When I tell people that it is not possible to manage the affairs of a missing person, most of them think that that is an incredible situation. Why is that? I think that they feel that way because in similar situations—for example, if a loved one passes away, or if someone has dementia or mental incapacity—other legislation can help, but that is not true for a missing person. For months or years, it is not possible to deal with the mortgage company, the landlord, utility companies, insurance companies and so on, because they simply cannot speak to anyone about the missing person’s affairs.

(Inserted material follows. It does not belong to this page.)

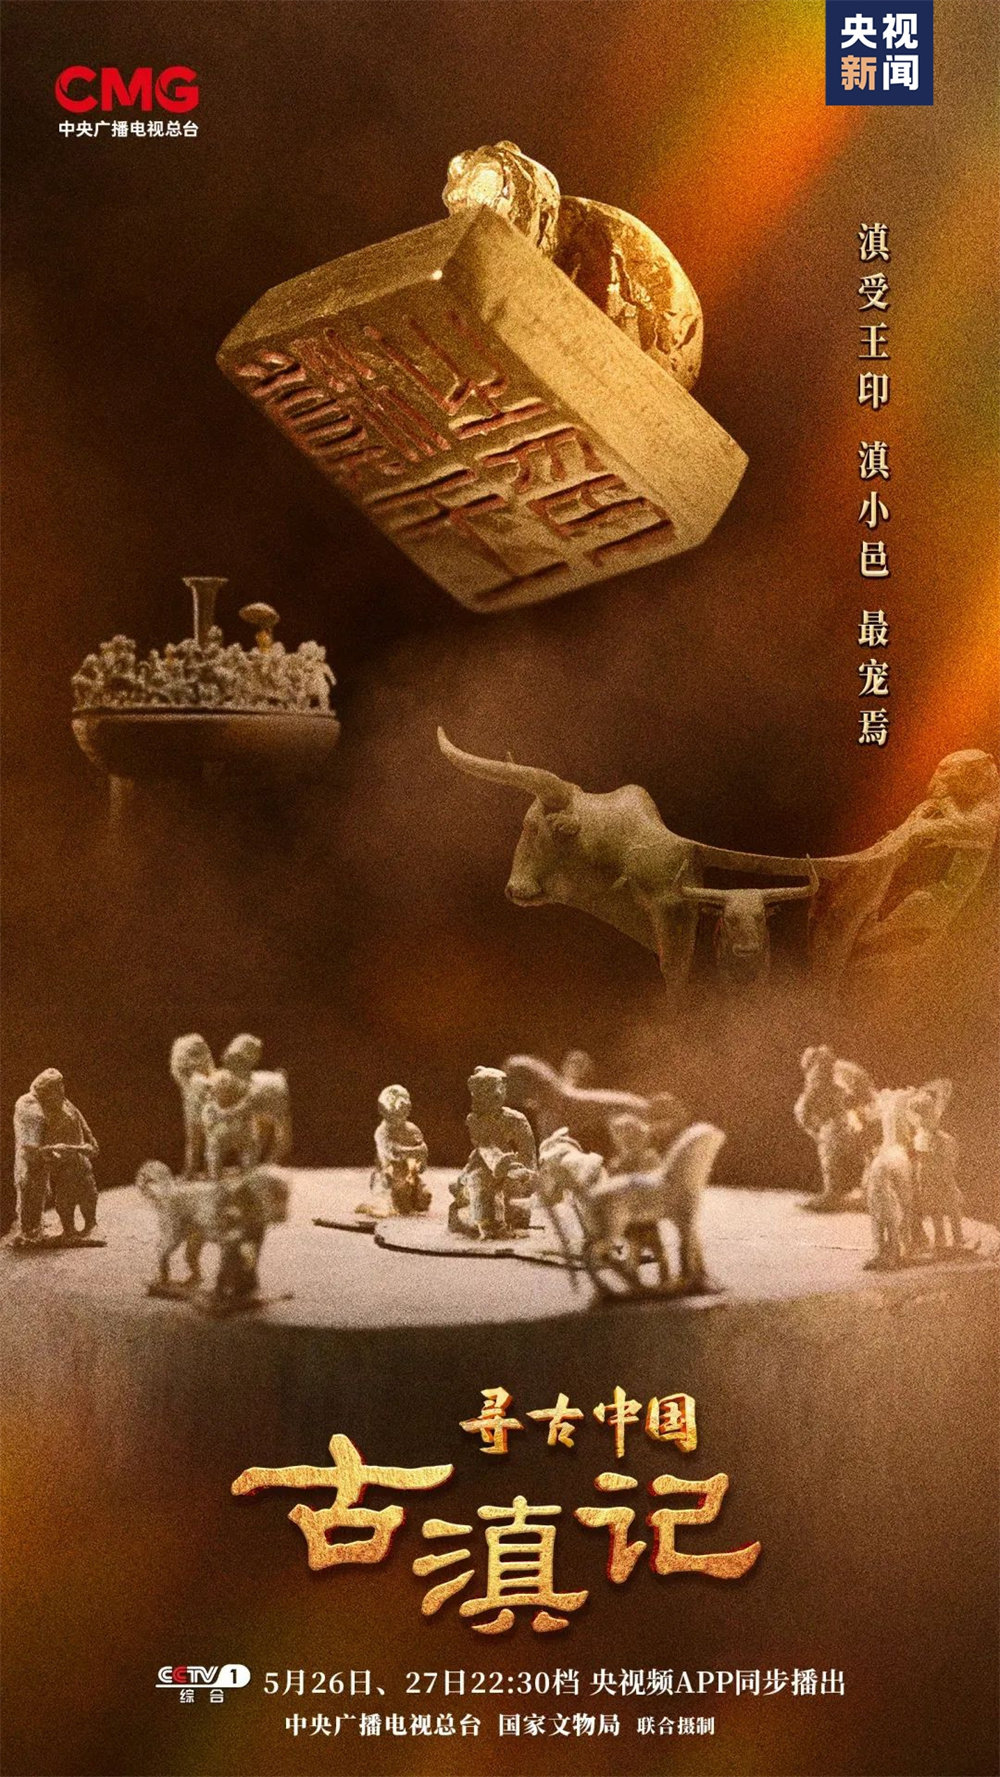 《寻古中国》首部系列《古滇记》海报

That costs money for the missing person’s estate and, more critically, their dependants. Quite often, the missing person will have dependants, who need to be looked after.
I am grateful for the great support from across the House for the Bill, and I am grateful to the Government for their support. I thank our excellent Ministers and the organisation Missing People. I am grateful to my hon. Friends who are in the House today and to my hon. Friends the Members for York Outer (Julian Sturdy) and for Selby and Ainsty (Nigel Adams) who worked so hard on the legislation before I did. It is very much a team effort. I was in the right place at the right time when it came to taking the legislation forward, and it is a great pleasure to do so.

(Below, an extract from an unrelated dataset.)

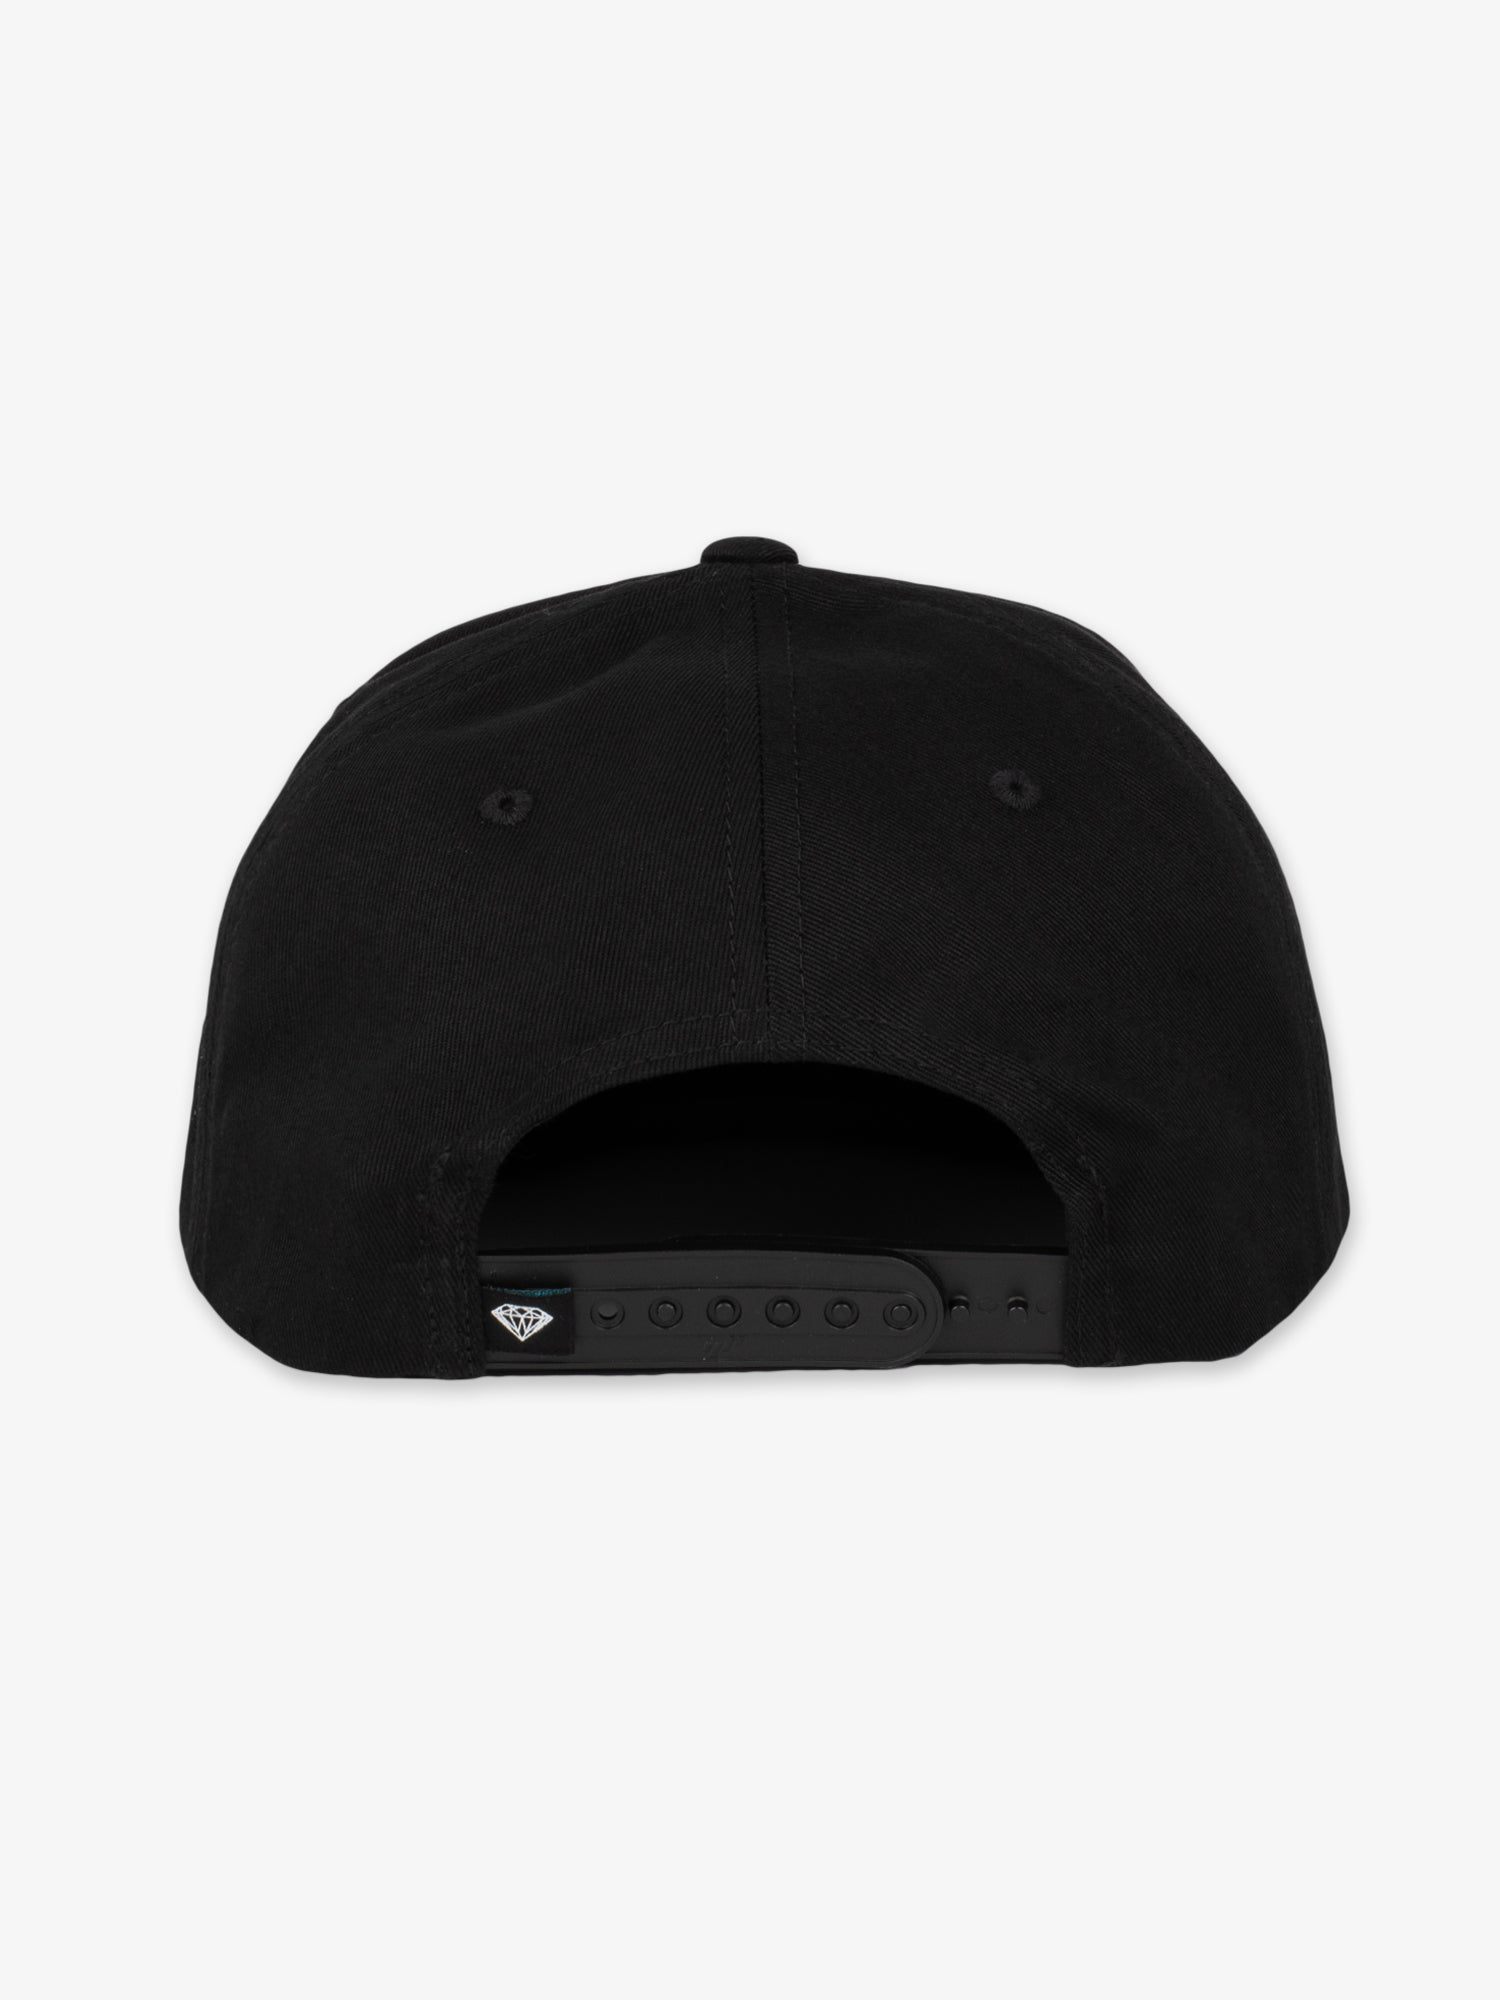 OG Seal Hat - Black

I have one important thing to add. This is a simple piece of legislation, and it will fill the gap in the existing law. As a testament and tribute to Mr and Mr Lawrence and their endeavours—their hard work and commitment to championing the cause of guardianship, their eternal hope, their endless fight for answers and justice and their commitment to helping others in similar circumstances—I hope that this Bill, if enacted, will always be known as Claudia’s law.
I congratulate the hon. Member for Thirsk and Malton (Kevin Hollinrake) on the work that he has done to bring the Bill before the House. I would like to say a great deal about it, but I will not; I will be quick. The Labour party supports the Bill, which, happily, has resounding cross-party support. It deals with a gap in the law that needs to be addressed. I understand that the charity Missing Persons has been influential in the creation of the Bill and supports it in its current form.
As hon. Members know, as things stand in England and Wales, there is no mechanism for protecting the property and affairs of a missing person, and the Bill will change that. The hon. Member for Thirsk and Malton has said that some 2,500 people could benefit from such a law. Courts will be empowered to appoint a guardian to manage the property and affairs of missing persons and to act on their behalf. Unfortunately, the delay in filling this gap in the law has been too lengthy, and there has been consistent and long-standing cross-party support for the proposed legislation.
Happily, the Bill has wider support among campaigners and other interested parties. We should not frustrate such laws when there is political consensus about the positive case for acting. As I said at the outset, the Opposition support this Bill, and I am glad to have the opportunity, albeit brief, to speak in its favour.
I congratulate my hon. Friend the Member for Thirsk and Malton (Kevin Hollinrake) on introducing the Bill to create the new legal status of guardian of the property and financial affairs of a missing person and on bringing it so far so quickly. The Government are committed to creating that new legal status and are pleased to support the Bill.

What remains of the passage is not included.